▸ **TASK PROMPT**
Entries in the following listing are to be copied exactly as they stand.

▸ **RECORDS SUPPLIED**
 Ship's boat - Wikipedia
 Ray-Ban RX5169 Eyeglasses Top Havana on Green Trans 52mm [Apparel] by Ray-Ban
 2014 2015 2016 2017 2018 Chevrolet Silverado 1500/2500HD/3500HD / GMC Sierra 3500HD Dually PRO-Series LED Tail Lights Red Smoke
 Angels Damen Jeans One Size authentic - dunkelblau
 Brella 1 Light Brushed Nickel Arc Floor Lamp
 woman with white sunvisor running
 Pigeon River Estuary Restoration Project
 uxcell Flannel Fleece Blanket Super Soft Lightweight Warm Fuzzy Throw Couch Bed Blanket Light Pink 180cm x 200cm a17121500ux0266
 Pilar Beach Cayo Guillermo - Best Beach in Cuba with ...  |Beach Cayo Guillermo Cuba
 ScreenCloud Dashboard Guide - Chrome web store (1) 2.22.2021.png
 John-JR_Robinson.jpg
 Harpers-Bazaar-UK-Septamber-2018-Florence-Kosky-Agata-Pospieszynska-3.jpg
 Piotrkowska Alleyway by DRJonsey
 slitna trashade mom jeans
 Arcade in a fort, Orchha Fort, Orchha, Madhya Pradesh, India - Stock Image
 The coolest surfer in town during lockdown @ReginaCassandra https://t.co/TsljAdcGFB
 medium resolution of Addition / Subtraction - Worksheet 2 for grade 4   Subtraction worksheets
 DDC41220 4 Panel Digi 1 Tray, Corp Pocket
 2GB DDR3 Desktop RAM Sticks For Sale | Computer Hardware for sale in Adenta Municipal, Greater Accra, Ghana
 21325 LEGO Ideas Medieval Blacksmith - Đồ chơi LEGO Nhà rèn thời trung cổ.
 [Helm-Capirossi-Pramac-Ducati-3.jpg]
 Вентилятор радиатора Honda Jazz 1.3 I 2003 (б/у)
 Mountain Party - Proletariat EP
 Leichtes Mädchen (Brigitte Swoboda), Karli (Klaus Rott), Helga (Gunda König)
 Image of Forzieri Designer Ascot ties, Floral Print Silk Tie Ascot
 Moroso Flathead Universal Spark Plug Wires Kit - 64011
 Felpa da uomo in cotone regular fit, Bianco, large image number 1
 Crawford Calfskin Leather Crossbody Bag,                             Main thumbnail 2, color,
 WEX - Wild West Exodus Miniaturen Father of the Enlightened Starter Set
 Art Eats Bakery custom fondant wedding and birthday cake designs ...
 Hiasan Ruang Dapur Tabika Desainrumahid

▸ **THE COMPLETED TASK**
 Ship's boat - Wikipedia
 Ray-Ban RX5169 Eyeglasses Top Havana on Green Trans 52mm [Apparel] by Ray-Ban
 2014 2015 2016 2017 2018 Chevrolet Silverado 1500/2500HD/3500HD / GMC Sierra 3500HD Dually PRO-Series LED Tail Lights Red Smoke
 Angels Damen Jeans One Size authentic - dunkelblau
 Brella 1 Light Brushed Nickel Arc Floor Lamp
 woman with white sunvisor running
 Pigeon River Estuary Restoration Project
 uxcell Flannel Fleece Blanket Super Soft Lightweight Warm Fuzzy Throw Couch Bed Blanket Light Pink 180cm x 200cm a17121500ux0266
 Pilar Beach Cayo Guillermo - Best Beach in Cuba with ...  |Beach Cayo Guillermo Cuba
 ScreenCloud Dashboard Guide - Chrome web store (1) 2.22.2021.png
 John-JR_Robinson.jpg
 Harpers-Bazaar-UK-Septamber-2018-Florence-Kosky-Agata-Pospieszynska-3.jpg
 Piotrkowska Alleyway by DRJonsey
 slitna trashade mom jeans
 Arcade in a fort, Orchha Fort, Orchha, Madhya Pradesh, India - Stock Image
 The coolest surfer in town during lockdown @ReginaCassandra https://t.co/TsljAdcGFB
 medium resolution of Addition / Subtraction - Worksheet 2 for grade 4   Subtraction worksheets
 DDC41220 4 Panel Digi 1 Tray, Corp Pocket
 2GB DDR3 Desktop RAM Sticks For Sale | Computer Hardware for sale in Adenta Municipal, Greater Accra, Ghana
 21325 LEGO Ideas Medieval Blacksmith - Đồ chơi LEGO Nhà rèn thời trung cổ.
 [Helm-Capirossi-Pramac-Ducati-3.jpg]
 Вентилятор радиатора Honda Jazz 1.3 I 2003 (б/у)
 Mountain Party - Proletariat EP
 Leichtes Mädchen (Brigitte Swoboda), Karli (Klaus Rott), Helga (Gunda König)
 Image of Forzieri Designer Ascot ties, Floral Print Silk Tie Ascot
 Moroso Flathead Universal Spark Plug Wires Kit - 64011
 Felpa da uomo in cotone regular fit, Bianco, large image number 1
 Crawford Calfskin Leather Crossbody Bag,                             Main thumbnail 2, color,
 WEX - Wild West Exodus Miniaturen Father of the Enlightened Starter Set
 Art Eats Bakery custom fondant wedding and birthday cake designs ...
 Hiasan Ruang Dapur Tabika Desainrumahid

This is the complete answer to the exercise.